| Work instruction |
These records are to be written out exactly as they read, minus the pictures.
START Extracted data
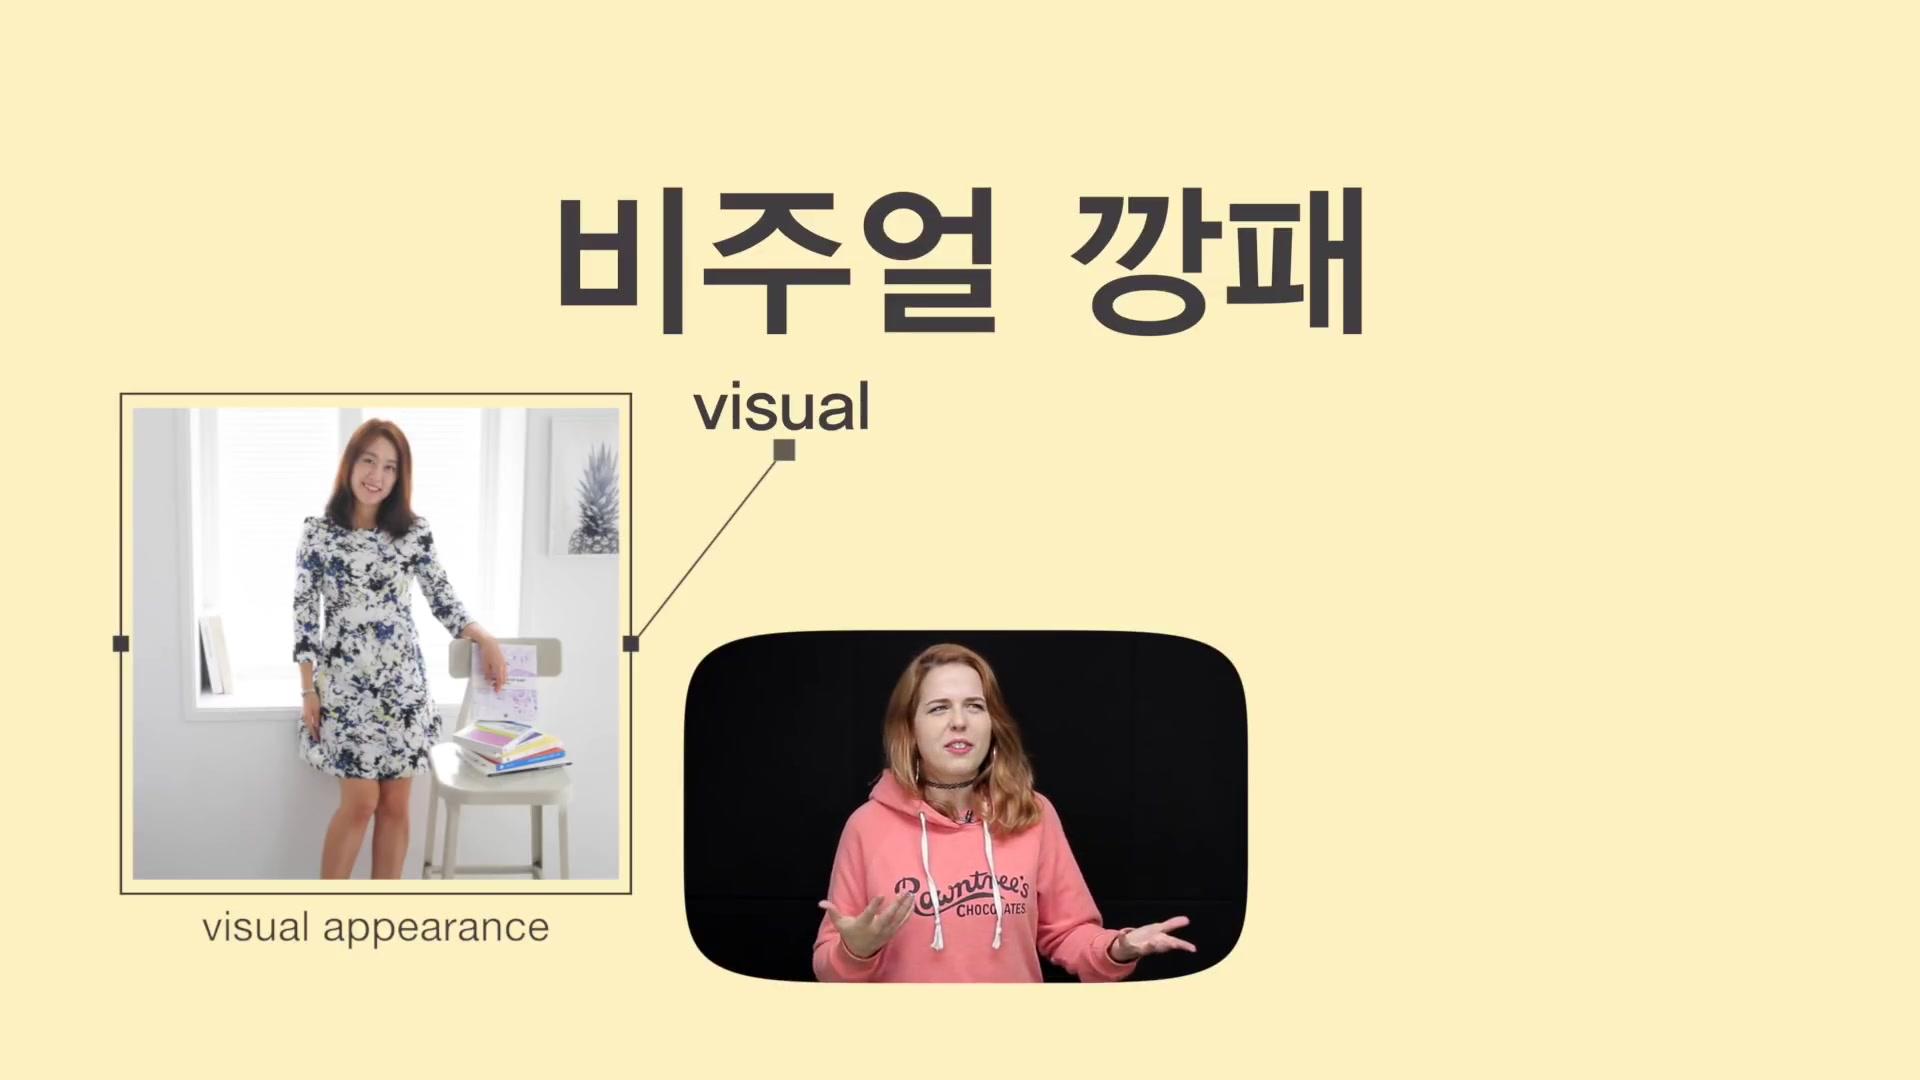 TalkToMeInKorean Episode 123: Korean Buzzwords: 비주얼 깡패 (Visual + Bully?)
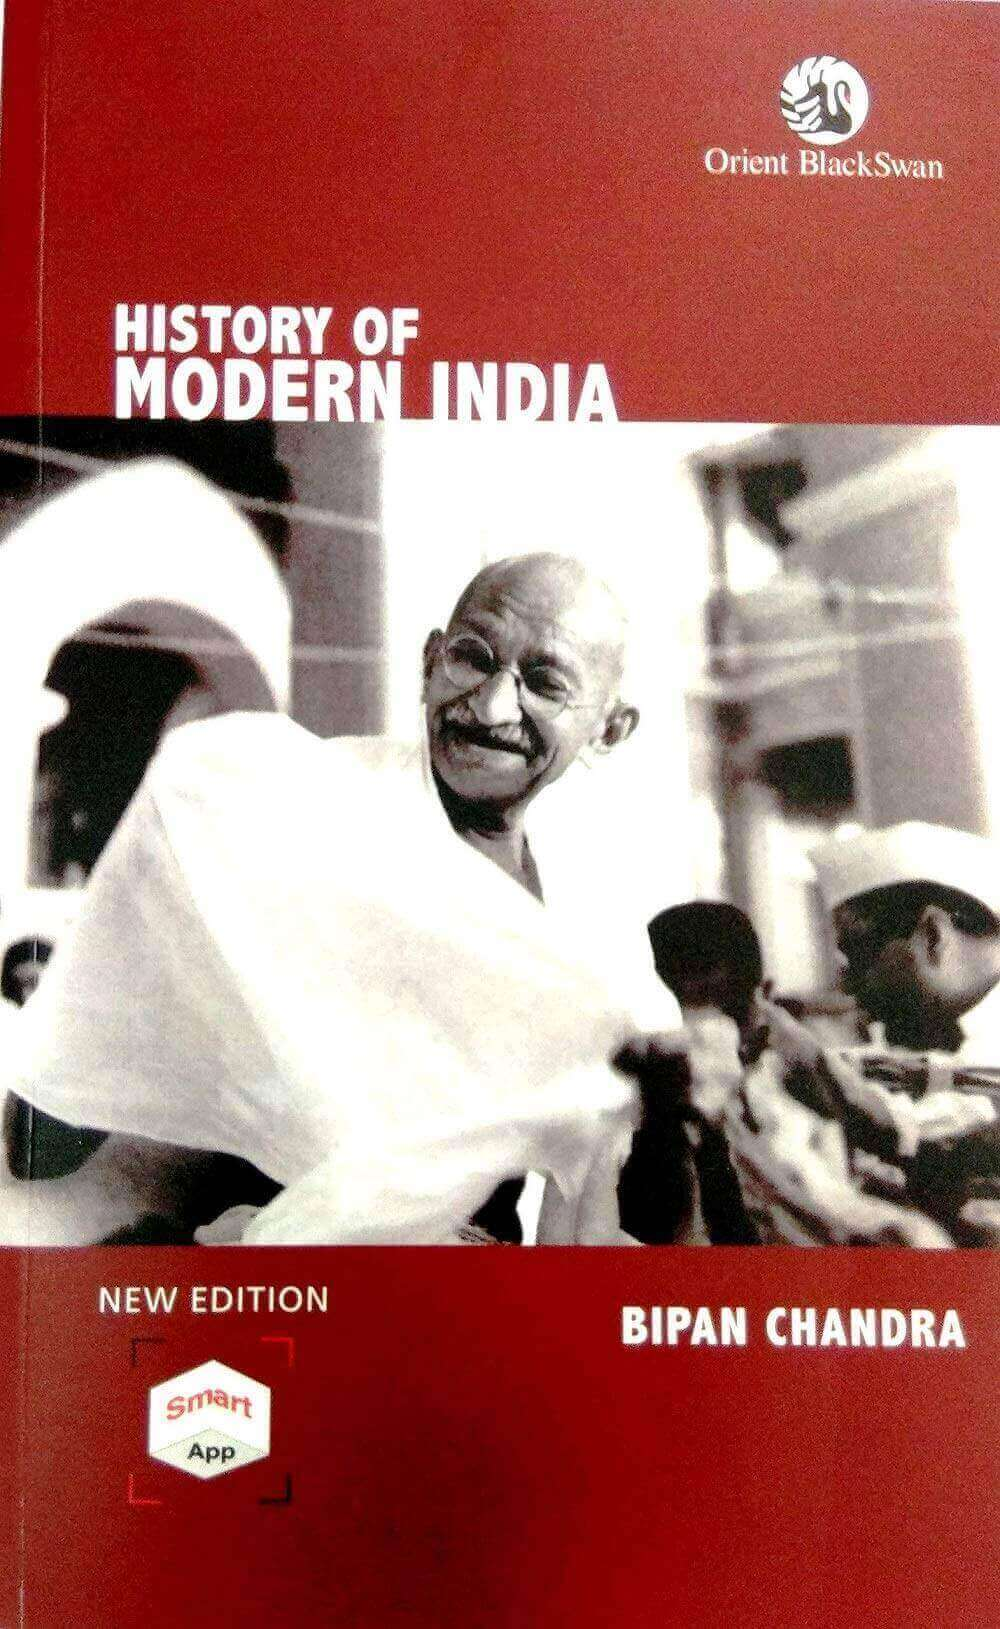 History of Modern India by Bipan Chandra
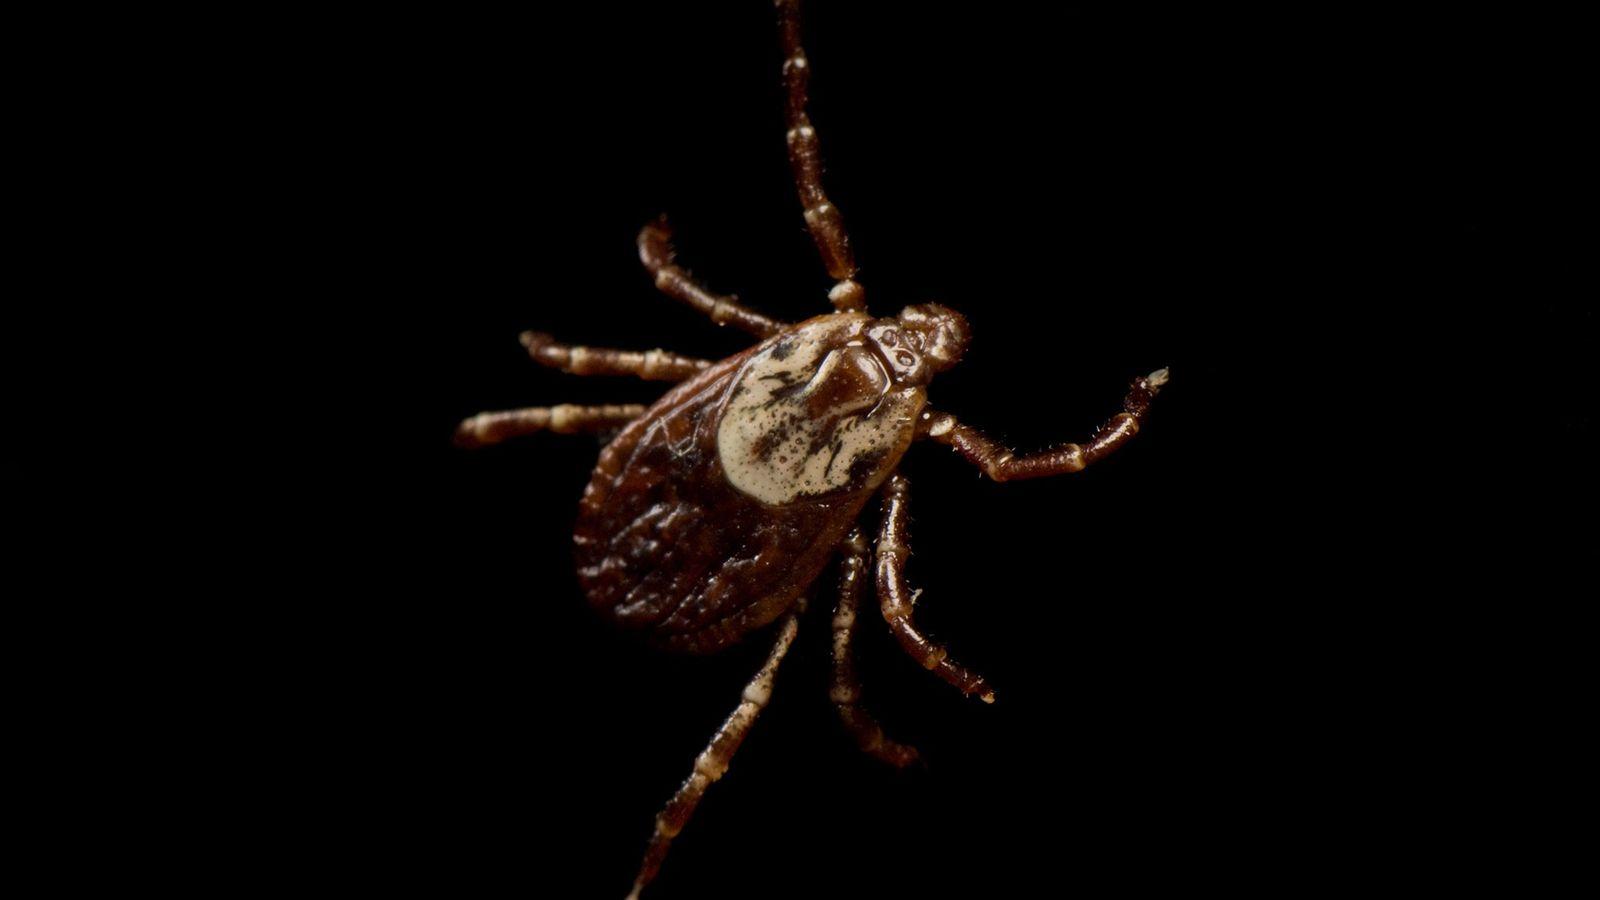 Garrapata Dermacentor variabilis
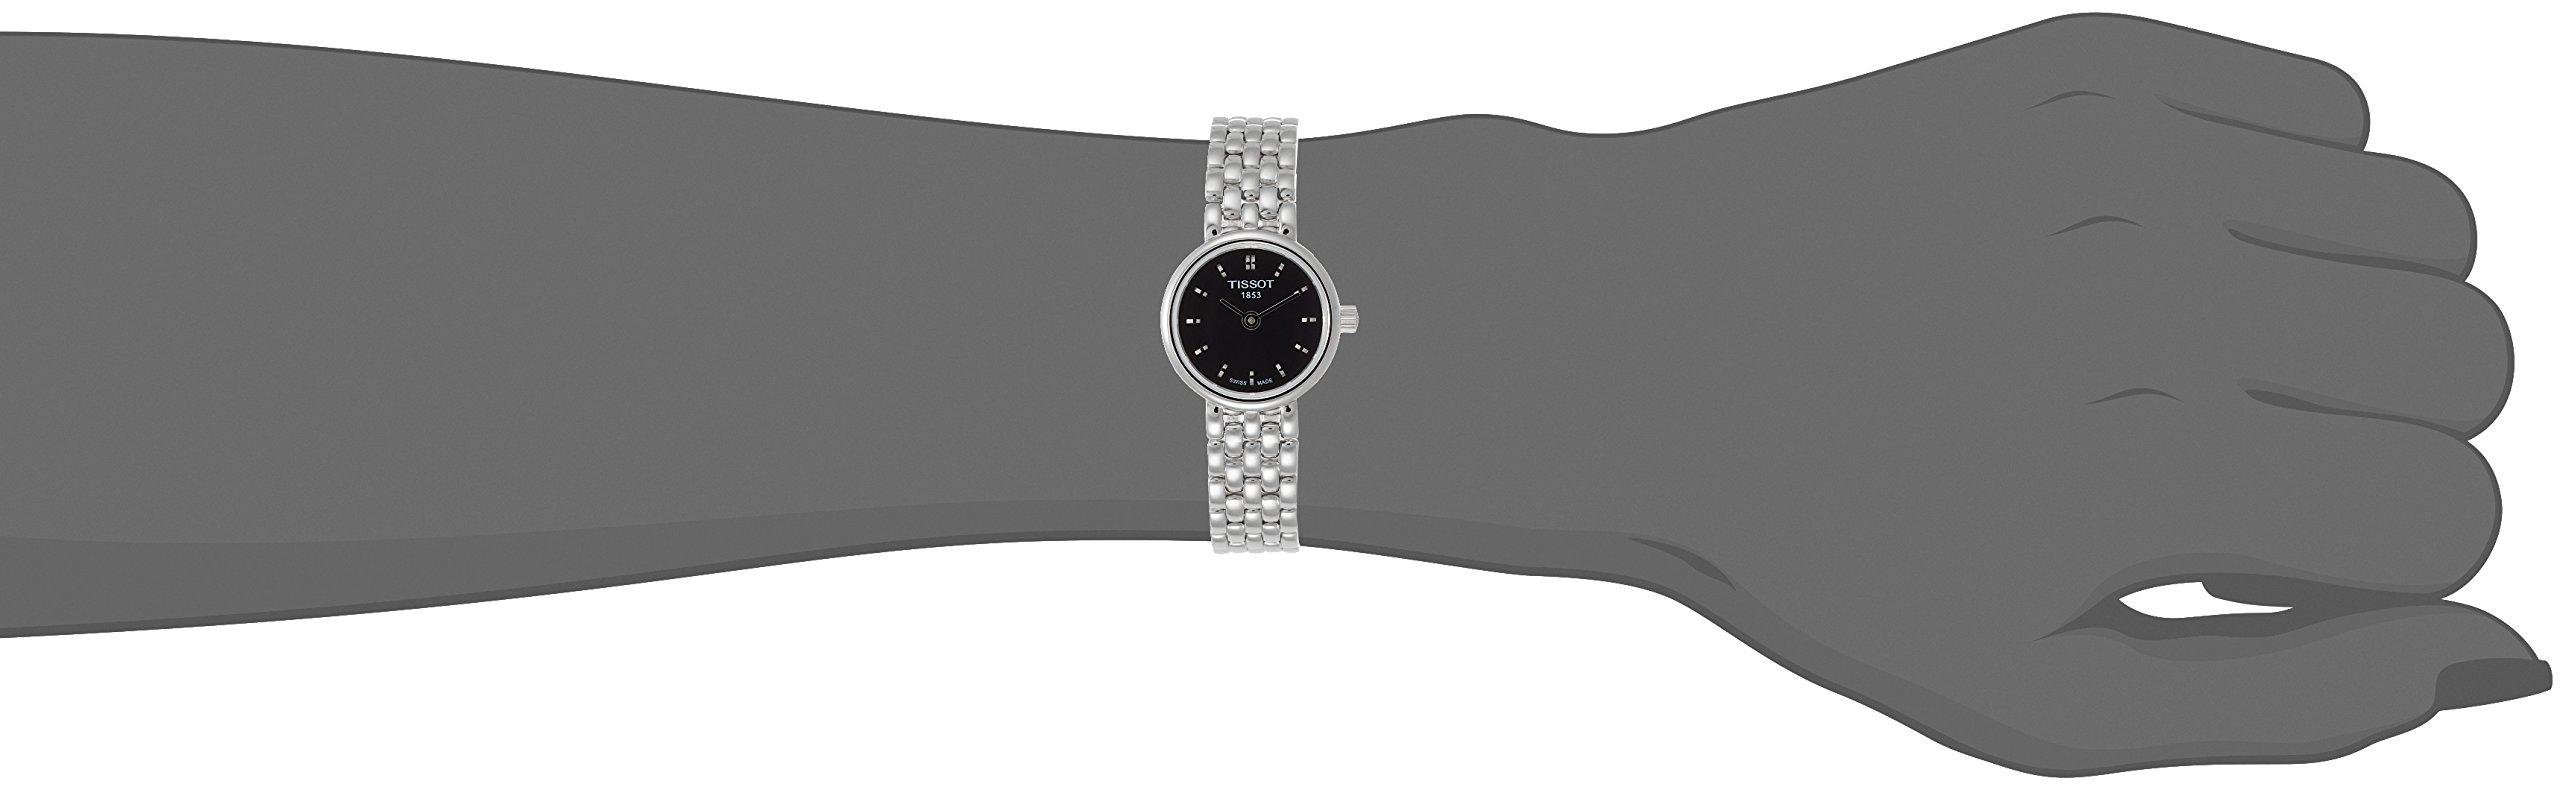 Tissot Lovely T0580091105100 – Reloj de Mujer de Cuarzo, Correa de
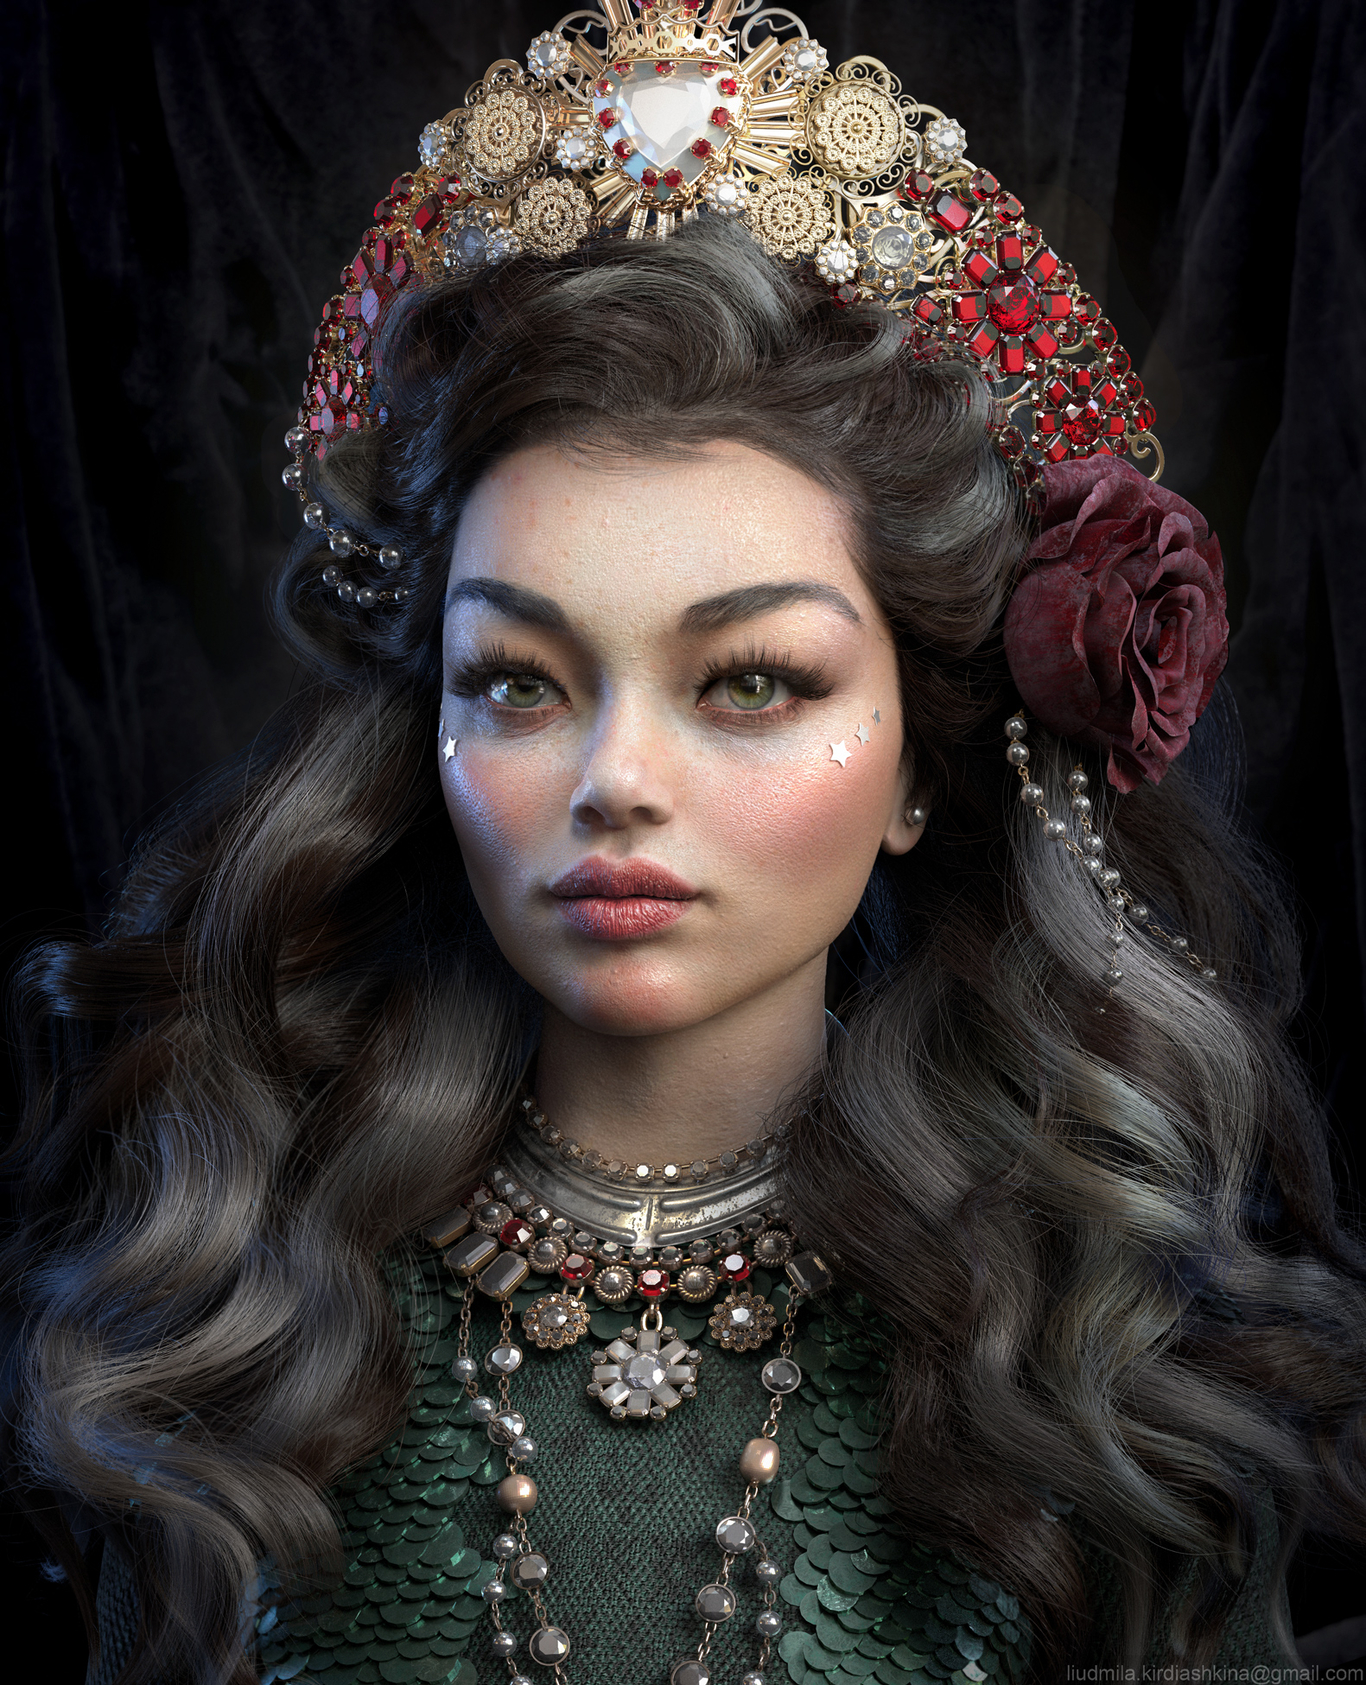 Liudmila girl and jewelry 1 b0426e0a d6wj
END Extracted data
| Solution |
 TalkToMeInKorean Episode 123: Korean Buzzwords: 비주얼 깡패 (Visual + Bully?)
 History of Modern India by Bipan Chandra
 Garrapata Dermacentor variabilis
 Tissot Lovely T0580091105100 – Reloj de Mujer de Cuarzo, Correa de
 Liudmila girl and jewelry 1 b0426e0a d6wj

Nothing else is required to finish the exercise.